= Danielle Forward =

Danielle Forward is a Makahmo Pomo software designer and entrepreneur, who founded the nonprofit organization Natives Rising aimed to help indigenous people pursue careers in the tech industry. She is also known for her role as an activist for indigenous people.

== Early life and education ==
Danielle Forward is a member of the Makahmo Pomo tribe and grew up in the San Francisco Bay Area in California. Raised by a single mother, she witnessed the intergenerational trauma that many indigenous people experience today. Her experience inspired her to want to help other indigenous people.

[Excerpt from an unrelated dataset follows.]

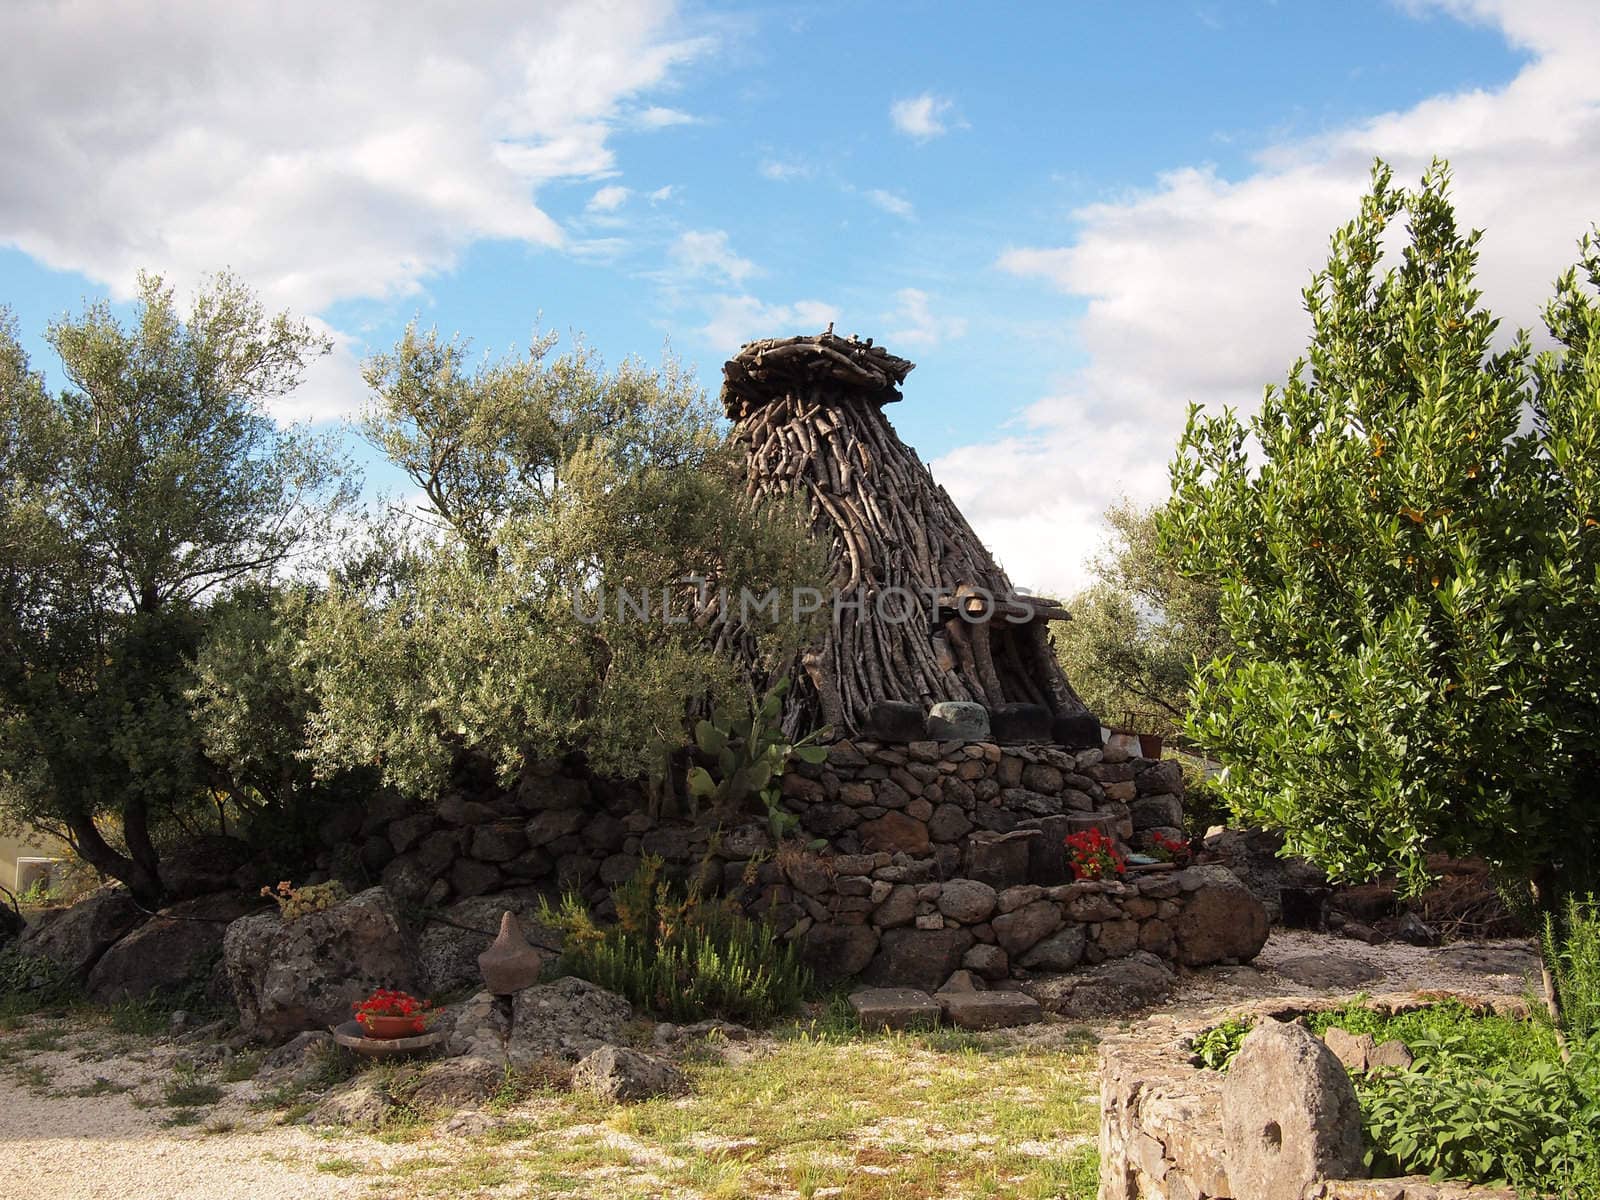 Traditional sardinian shepherd�s house called pinnetta, made of wood.
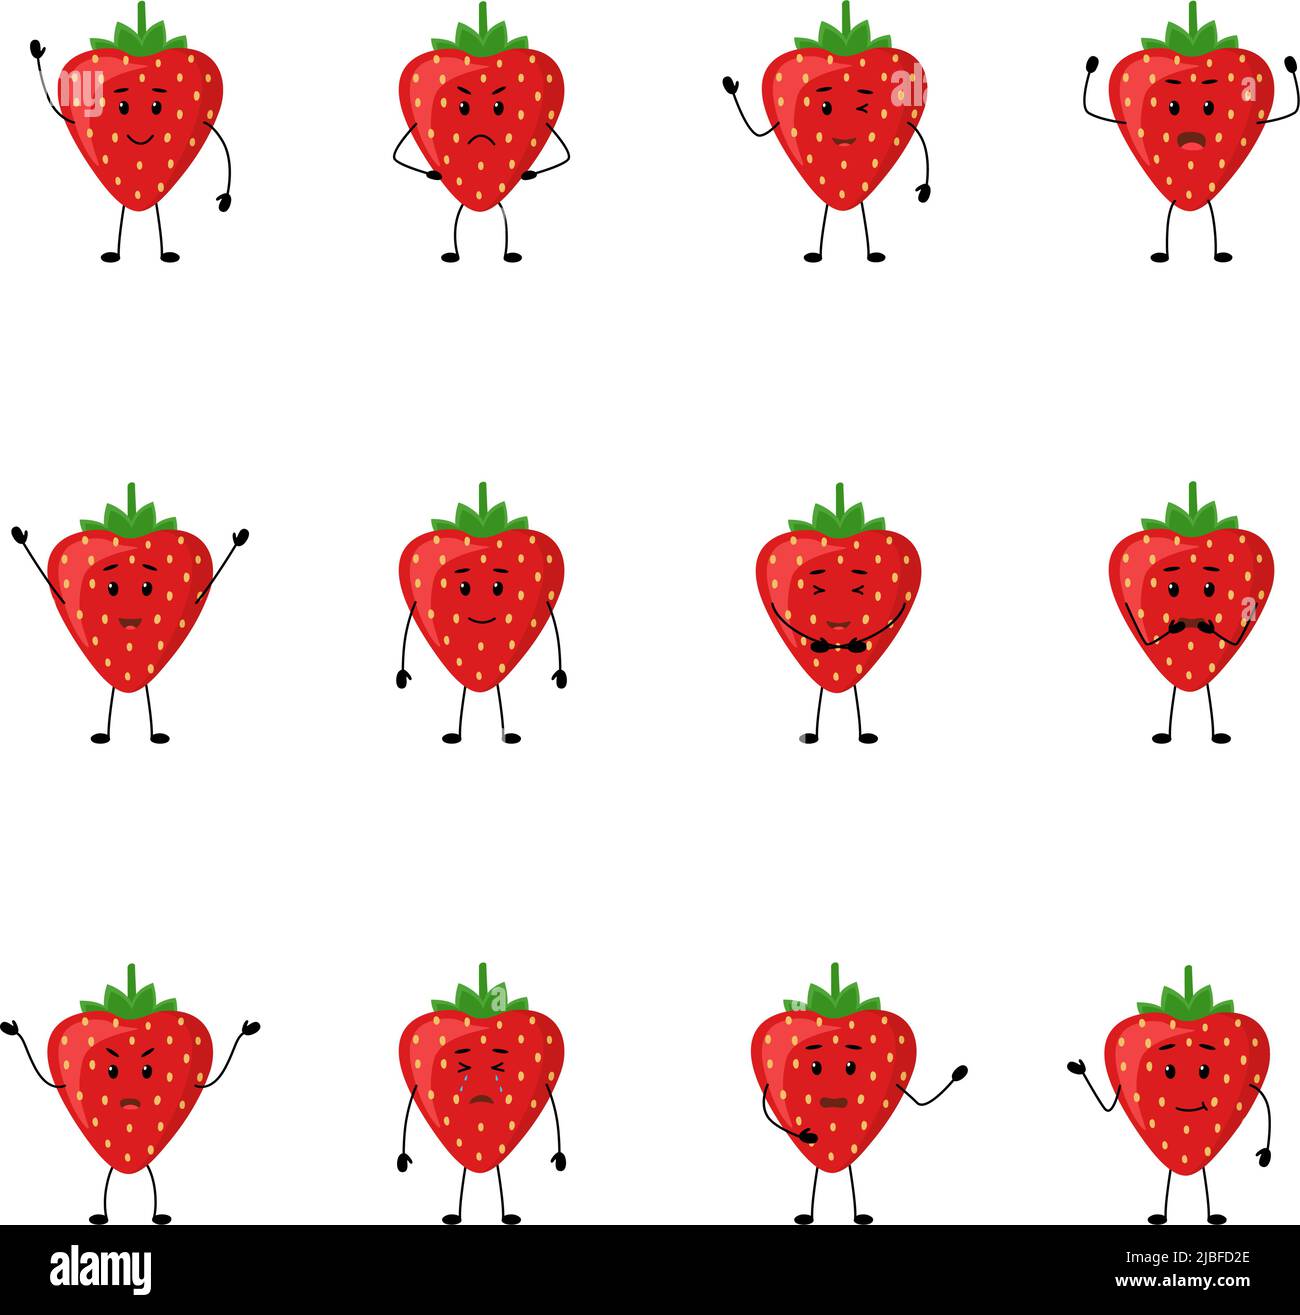 Emotional Support Strawberries look how cute they are, everyone will

At Santa Rosa Junior College, Danielle Forward obtained her Associates in Social Behavioral Science and Global Studies. Forward took ten years to obtain a Bachelor of Fine Arts from California College of the Arts in its interactive design program, working part-time and going into debt in order to finance both her schooling and her living situation in California. She graduated as valedictorian.

== Career ==

=== Early career ===
While attending college, Forward worked various jobs to pay for her education. She worked as a personal assistant, barista, GameStop employee, ice cream and smoothie seller, and coder for drug testing data. After graduating from California College of the Arts, she was hired at Meta Platforms as a User Experience/User Interface (UX/UI) Designer, initially on the Connectivity team before moving to the Social Impact team. She stayed at the company for five years, until leaving Meta in 2023 to work on Natives Rising full-time.

=== Natives Rising ===
In 2022, Forward teamed up with Betsy Fore and Hannah Cirelli, both indigenous women interested in empowering indigenous Americans, to create Natives Rising. Primarily focused on students and women, Natives Rising provides services for indigenous people to gain access to careers in the technology industry through three programs that are available nationwide: Founders Circle, a Native Women's Tech Fellowship for those pursuing bachelor's degrees, and an Indigenous STEM Camp.

=== Activism ===
Building on her involvement as a lead in Meta's employee resource group Native@Facebook, Danielle Forward became involved in advocacy for Missing and Murdered Indigenous Women (MMIW). She also currently serves as Head of Design and board member of the nonprofit organization MuralNet, which aims to provide access to broadband internet for tribal communities.